Орган умолк, и все услышали стук колес, фырканье лошадей — по лугу быстро ехала карета. Франц поднял глаза; в это самое мгновение экипаж поравнялся с открытой дверью, и тут колесо отскочило, карета опрокинулась 8* и седоки — старик и молодая женщина — оказались на земле. Франц тотчас выбежал из церкви, молодая девушка уже поднялась, она была невредима, старик, видно, лишился чувств при падении, но скоро и он пришел в себя. Франц был напуган и хлопотал вокруг проезжих; кучер тем временем чинил экипаж. Незнакомка внимательно разглядывала нашего друга, по виду более напуганного, чем она сама; он умолял ее не торопиться, хорошенько оправиться после пережитого испуга. Он не знал, о чем говорить; краснел, встречаясь взглядом с ее голубыми глазами, старик же все молчал. Карету починили, и Францу стало страшно, что вот сейчас они снова уедут; втроем они прогуливались под деревьями, а из церкви доносилось пение. Наконец, незнакомцы снова сели в экипаж, сердце молодого художника бешено заколотилось, прелестная девушка еще раз поблагодарила его, и карета умчалась. Пока можно было, он провожал ее взглядом; вот уже очертания ее стали неясны, вот уже видно только пятнышко. Наконец, карета поравнялась с дальней рощицей и исчезла, а он все стоял, как оглушенный.
Опомнившись, он заметил в траве у своих ног маленький изящный альбом. Он быстро поднял его и ушел; ему было ясно, что это проезжие потеряли альбом. Догнать карету было невозможно; он не спросил, куда направляются проезжие, не знал ни имен их, ни кем приходилась женщина старику, дочерью или супругой. Только теперь, держа в руках альбом, Франц задумался над всем этим. Придется оставить альбом у себя, и он уже стал ему дорог, Штернбальд не решался раскрыть его, а поспешил с ним в свой любимый лес; там, на дорогой его сердцу поляне он сел и дрожащими руками открыл альбом, и первое, что он увидел, был пучок засохших лесных цветов. Франц огляделся, соображая, не сон ли это, и, не в силах более сдерживаться, поцеловал цветы и разразился слезами, а в душе у него зазвучал лесной рог, слышанный в детстве 9*.
— Так это ты, мой добрый гений, мой ангел хранитель? — вскричал он. — Вновь ты промелькнула мимо, и я не могу смириться, мне этого мало. Вот здесь росли эти цветы, с той поры уже четырнадцать раз лето приходило на землю, и вот на этом самом месте я снова держу в руках бесценный дар 10*. Когда же я вновь увижу тебя? Неужто наша встреча — не более чем случай?
В жизни человека бывает час мощного бурного прилива, когда внезапно все расцветает и меняется и вокруг человека и у него внутри. Таков был для Штернбальда этот день; он просто в себя не мог прийти, ничего решительно не желал и мечтал об удивительнейших событиях, будущее представлялось ему ярким цветущим лугом, и вместе с тем всякая радость — словно бы неполной, ему было мало всего, что могло с ним произойти, а при этом он чувствовал себя наверху блаженства.
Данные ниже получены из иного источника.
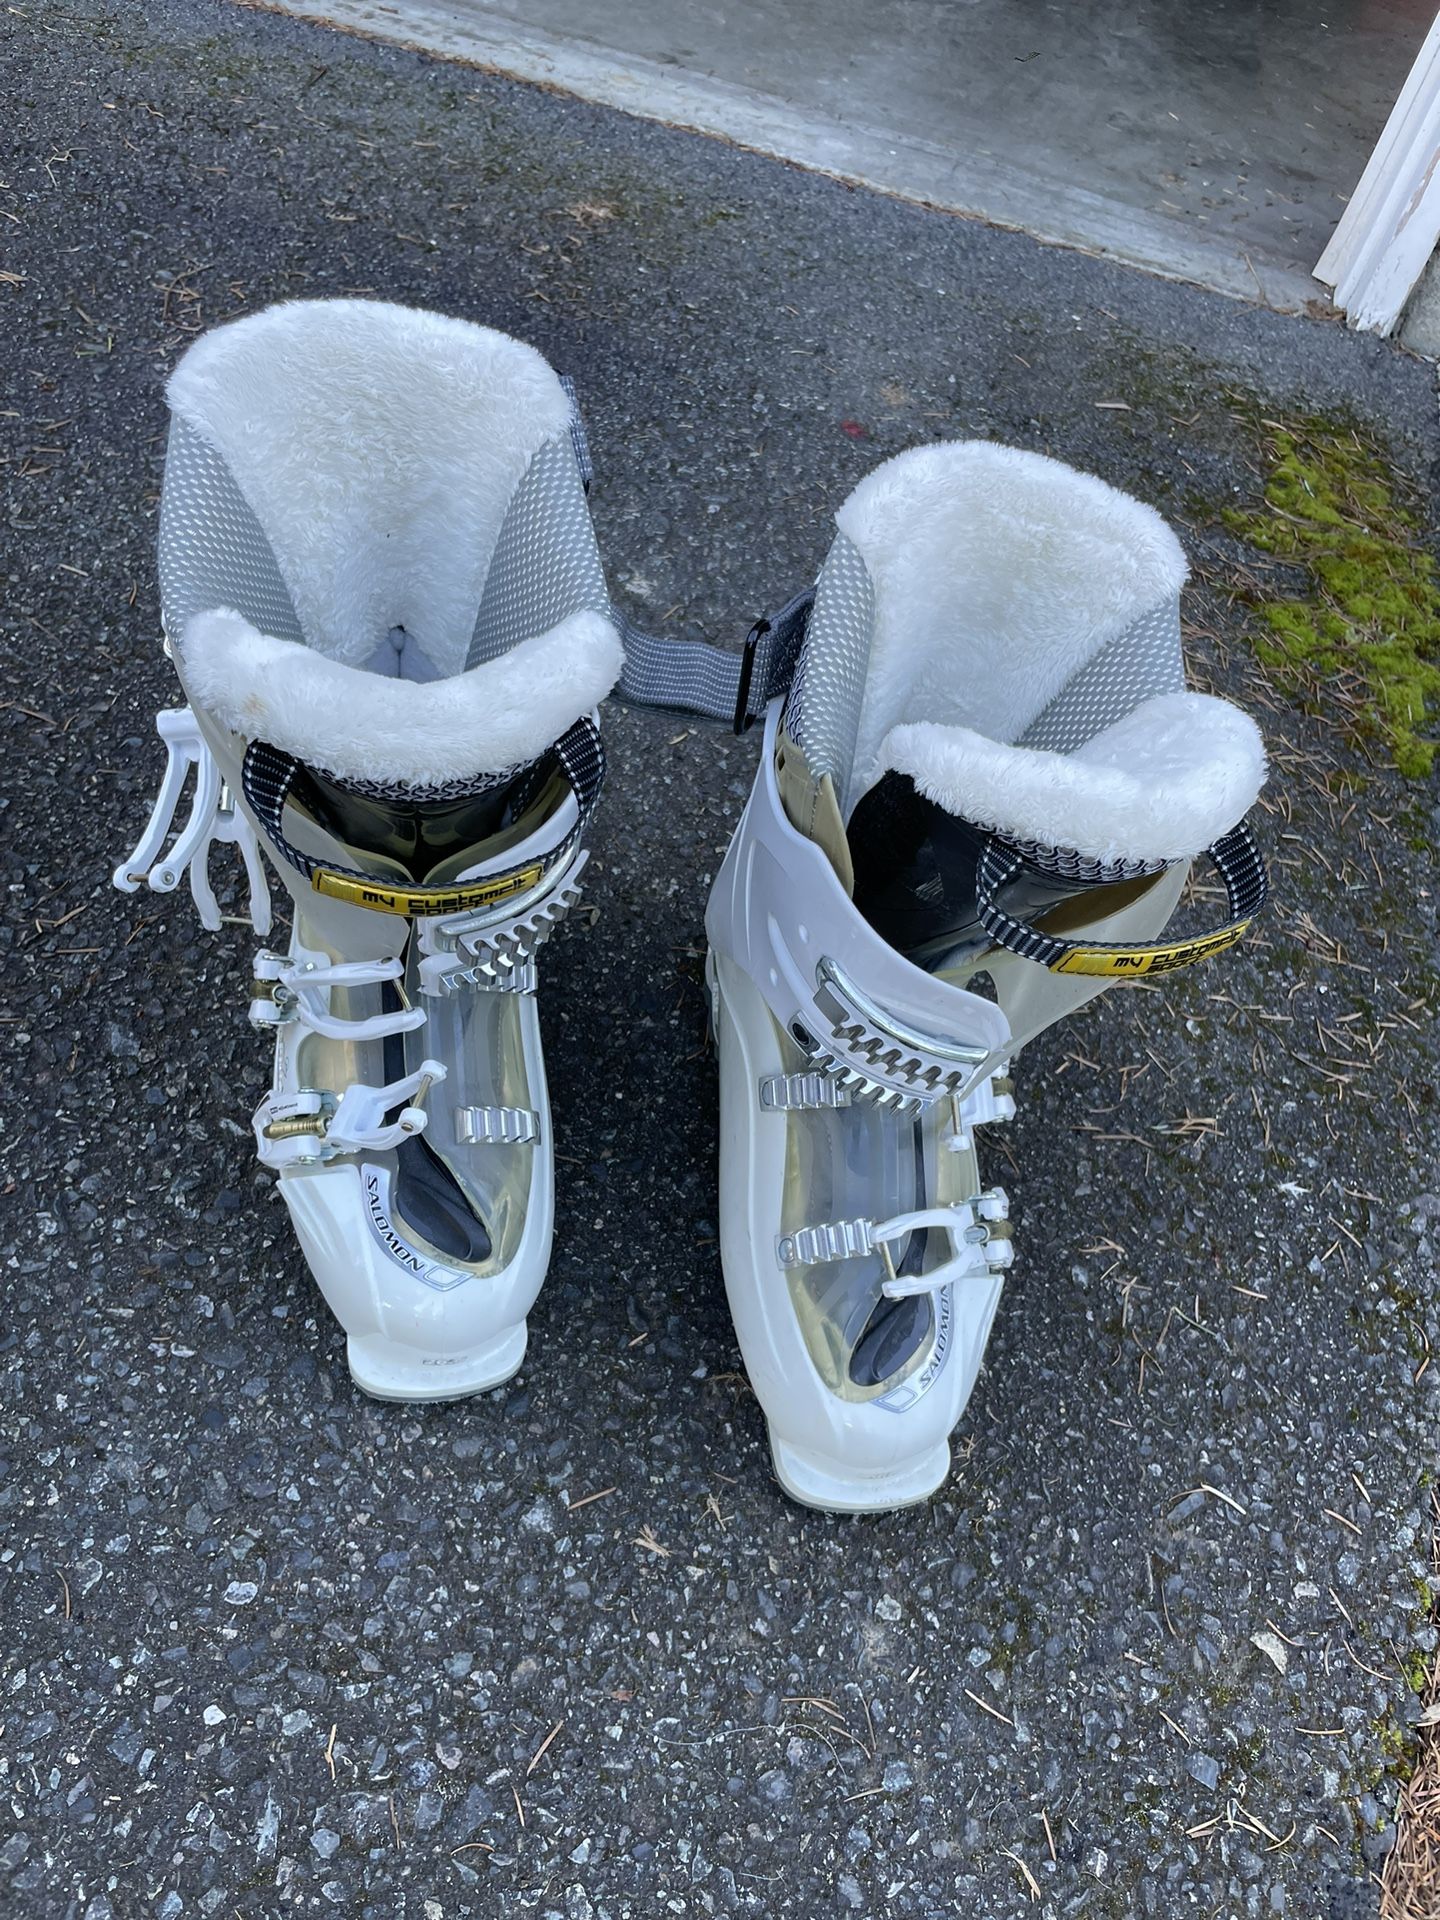 Salomon Women’s Ski Boots Size 26.5 (approximately 9.5 US)

В альбоме не было ничего, откуда он мог бы узнать имя своей возлюбленной или где она живет. На одной странице была запись:
«В Антверпене видела прекрасную картину Луки Лейденского{15}», а под ней:
«Там же — несказанно прекрасное „Распятие“ работы великого Альбрехта Дюрера».
Не в силах совладать со своими чувствами, он осыпал листок поцелуями. Свыше всякой меры удивило и обрадовало его, что ангел, посетивший его когда-то во сне его детства, ныне преклоняется перед Дюрером, его учителем и близким другом. Собственную судьбу уподоблял он изумительной музыкальной пьесе, не переставал размышлять о ней и всякий раз заново приходил в восторг.
Глава восьмая
Франц написал своему другу Себастьяну об этих событиях, казавшихся ему столь примечательными; время, которое он положил провести в родном селении, истекло, и, посетив еще раз места, памятные ему с детства, он распрощался с матерью.
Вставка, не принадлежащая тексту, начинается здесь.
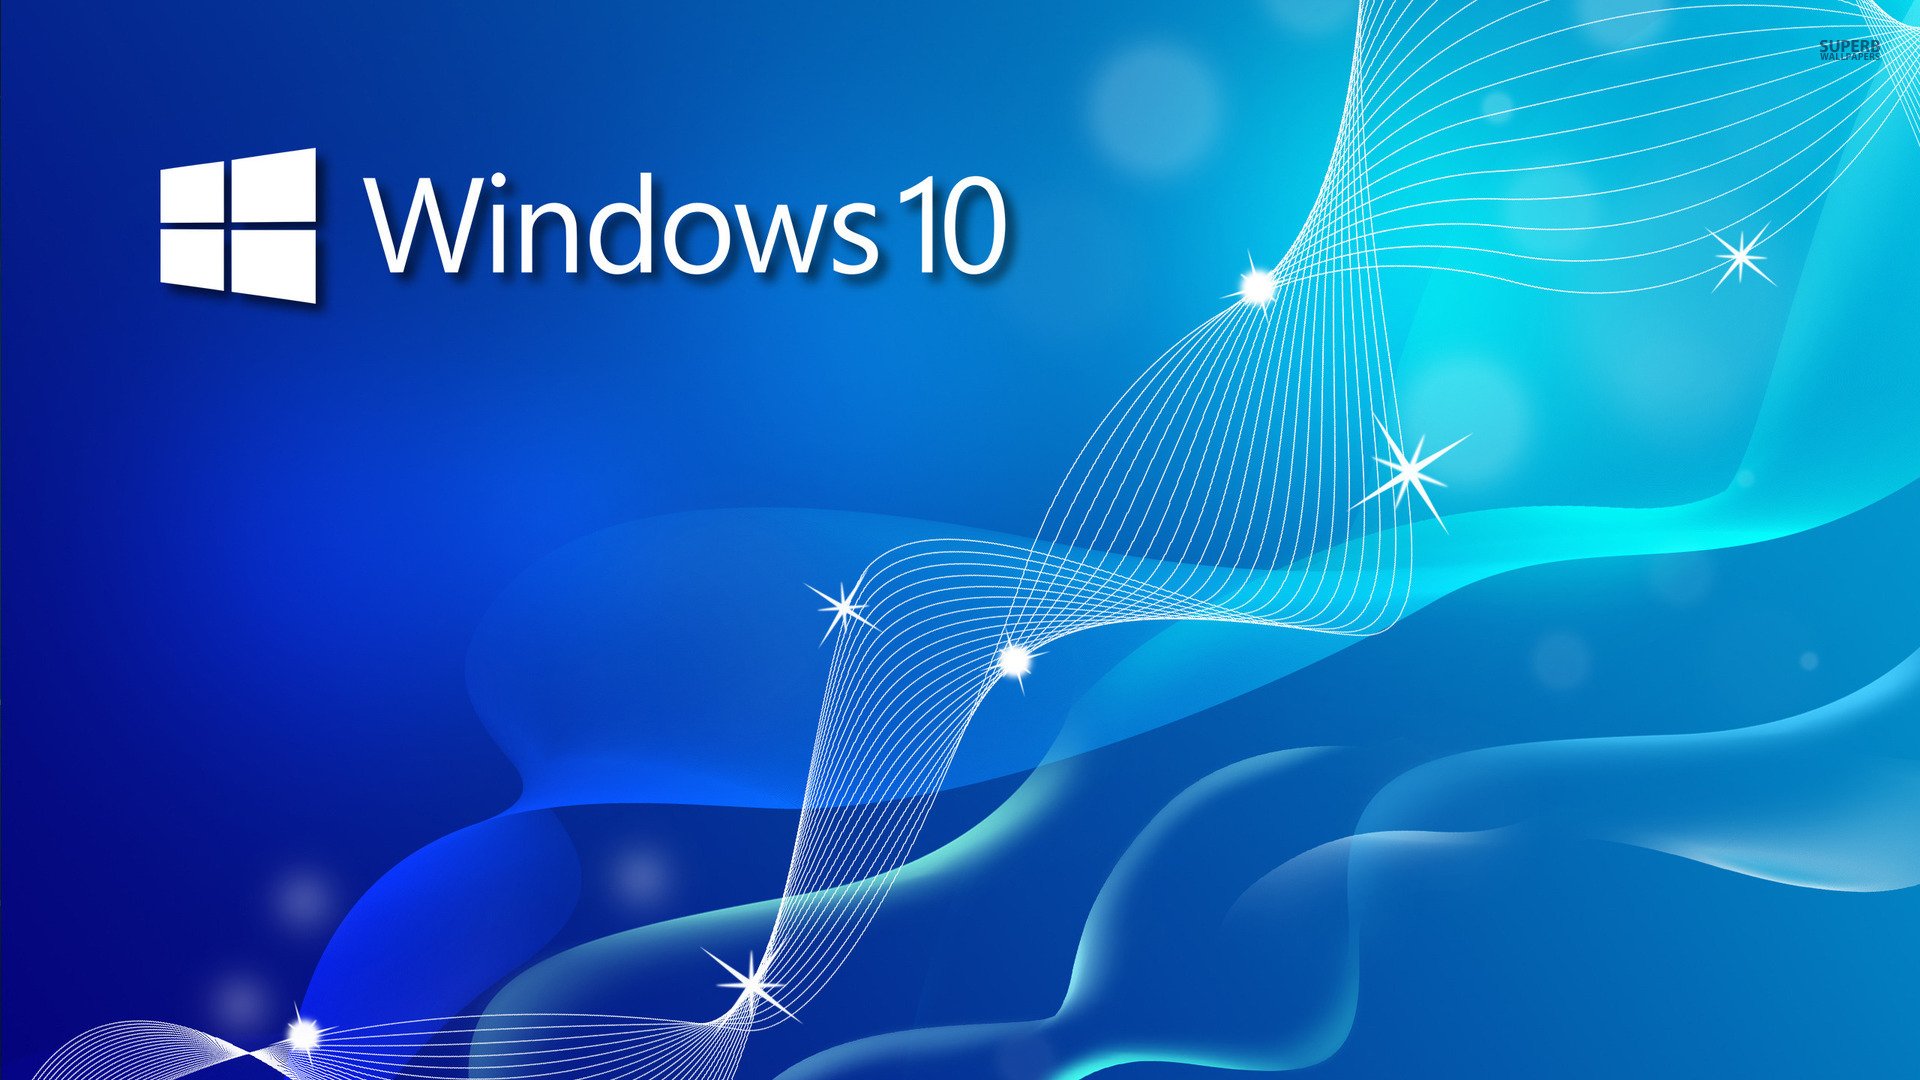 Download windows 10 background wallpaper ethernet driver windows 7 64 bit download

И вот он снова в пути и спустя некоторое время пишет своему другу Себастьяну следующее письмо:
Любимый мой брат!
Порой я спрашиваю себя в растерянности: что станется со мною? Не правда ли, то положение, в какое я невольно попал, нельзя не назвать странным и пожалуй безвыходным? У меня отняты родители, и я не знаю теперь, чей я и кто я, друзей своих я оставил, а тот блистательный ангел, которого не смею причислить к своим друзьям, лишь промелькнул мимо, как тень. Зачем именно мне суждено было очутиться среди всей этой неразберихи, зачем не дано мне, как всем прочим людям, простого и ясного жизненного пути?
Порой я думаю, как ни стыжусь таких мыслей, что мне для счастья недостало бы моего искусства, даже если в конце концов и достиг бы я в нем высот. Только тебе, мой милый Себастьян, доверяю я эту тайну, ибо всякий другой ответил бы мне: «Ну так отложи кисть и палитру и постарайся каким-нибудь обычным ремеслом принести пользу и заработать на хлеб насущный». Может, оно бы и лучше, но сейчас меня до крайности огорчают такие мысли. Грустно сознавать, что все то огромное, что зовем мы жизнью человеческой, со всеми ее сложными хитросплетениями, приводится в движение простейшим механизмом — жалкой заботой о завтрашнем дне, а многие еще и ставят себе в невероятную заслугу, ежели под воздействием этой причины затевают бурную и беспокойную возню.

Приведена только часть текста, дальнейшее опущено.